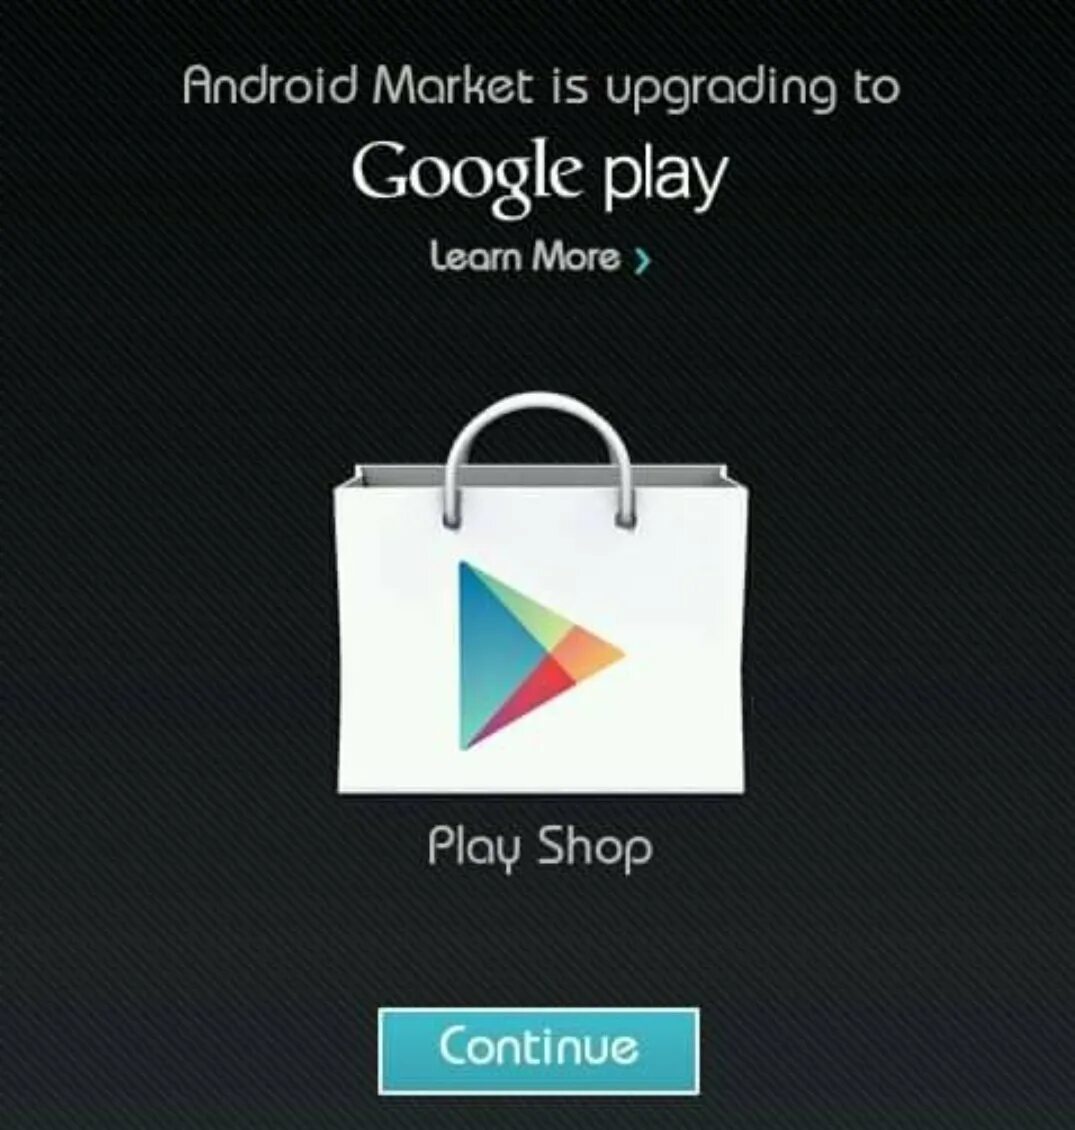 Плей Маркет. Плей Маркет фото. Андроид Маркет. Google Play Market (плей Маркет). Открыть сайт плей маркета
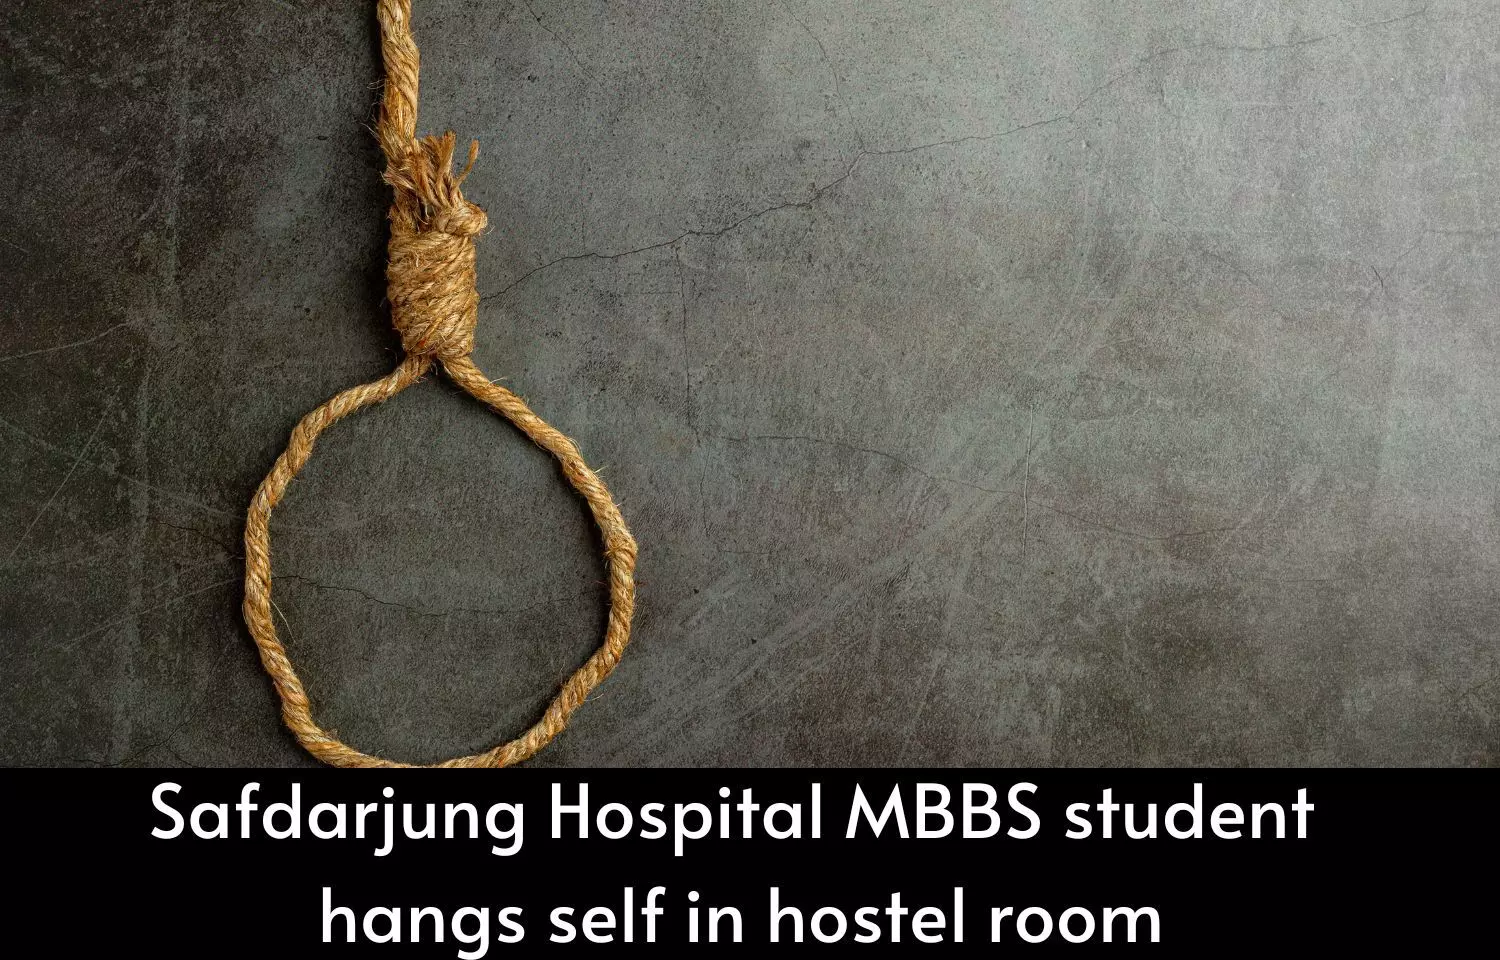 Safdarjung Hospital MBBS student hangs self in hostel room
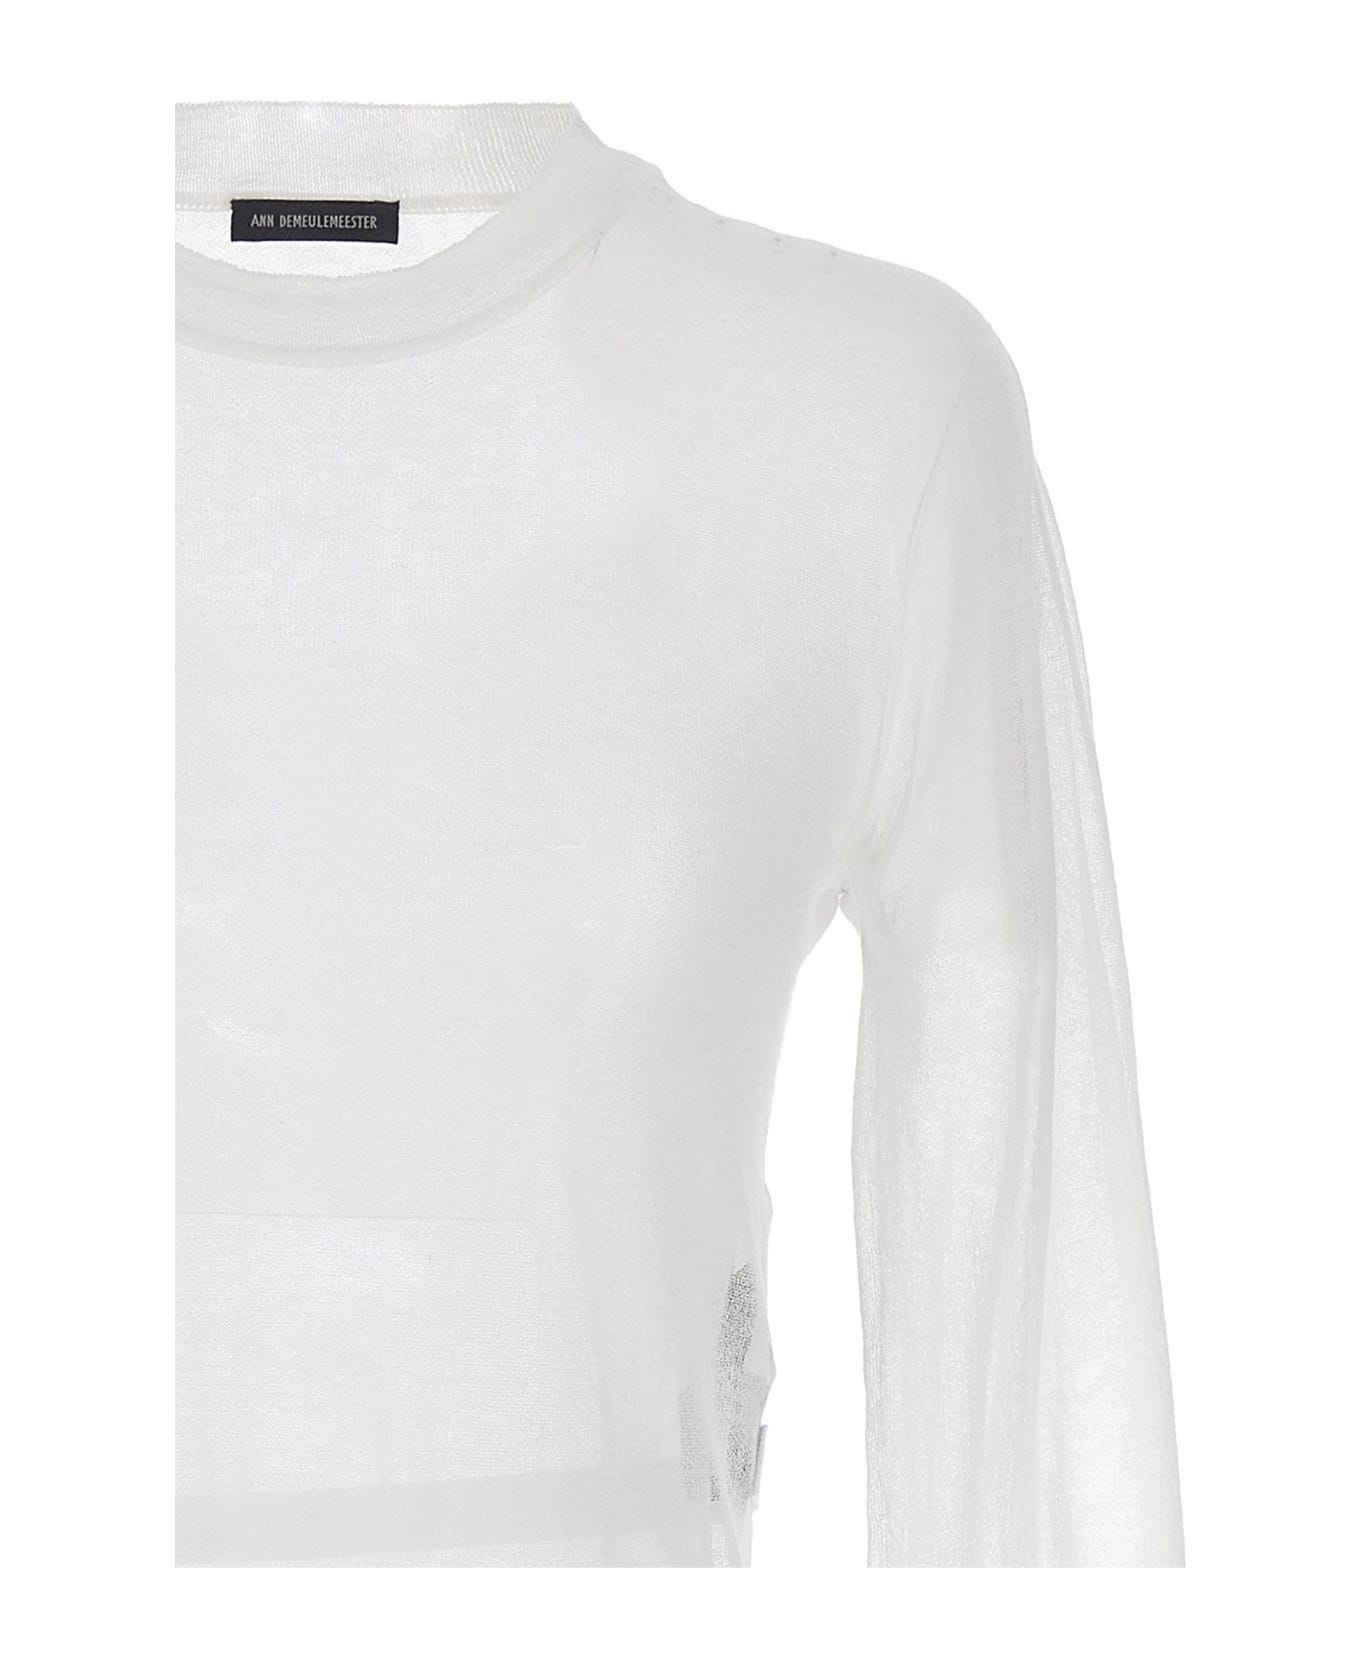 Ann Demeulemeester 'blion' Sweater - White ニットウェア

---

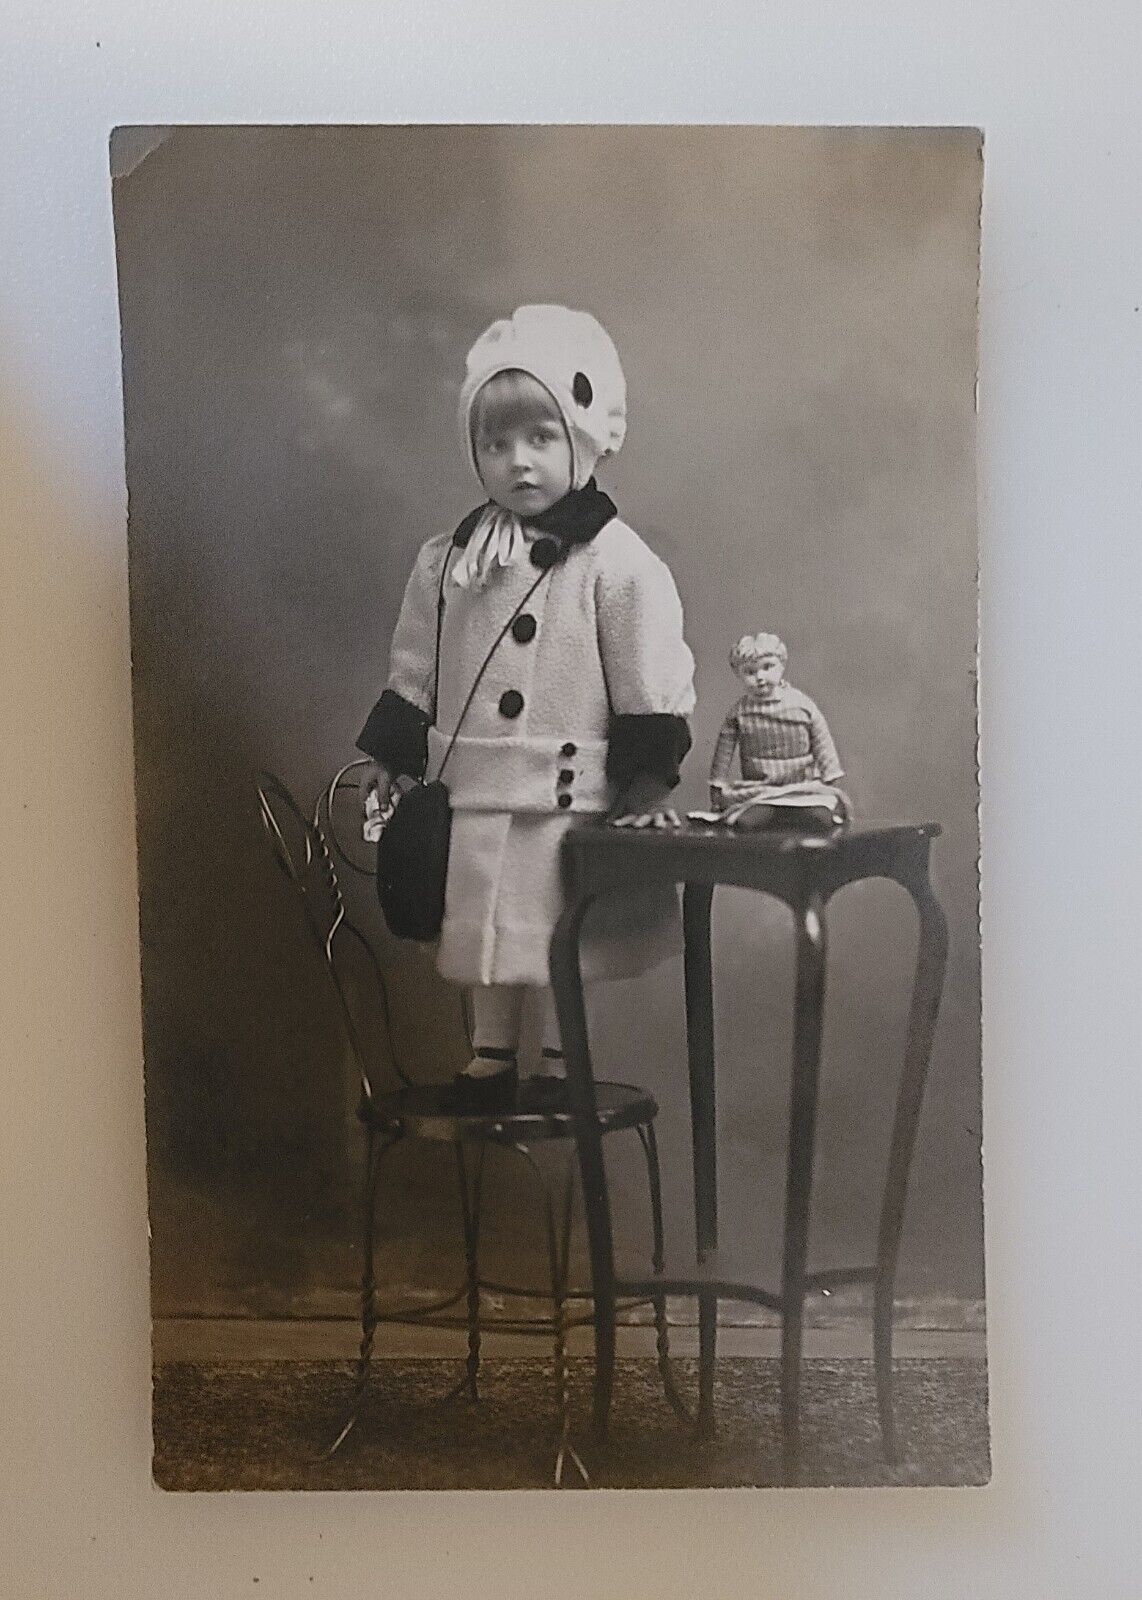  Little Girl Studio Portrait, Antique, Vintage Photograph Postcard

# [Assignment]
In the data above, find the line containing "Плей Маркет. Плей" and the line containing "Ann Demeulemeester 'blion'". Copy exactly the stretch from the first through the second, both included, leaving out any picture.

# [Written solution]
 Плей Маркет. Плей Маркет фото. Андроид Маркет. Google Play Market (плей Маркет). Открыть сайт плей маркета
 Safdarjung Hospital MBBS student hangs self in hostel room
 Ann Demeulemeester 'blion' Sweater - White ニットウェア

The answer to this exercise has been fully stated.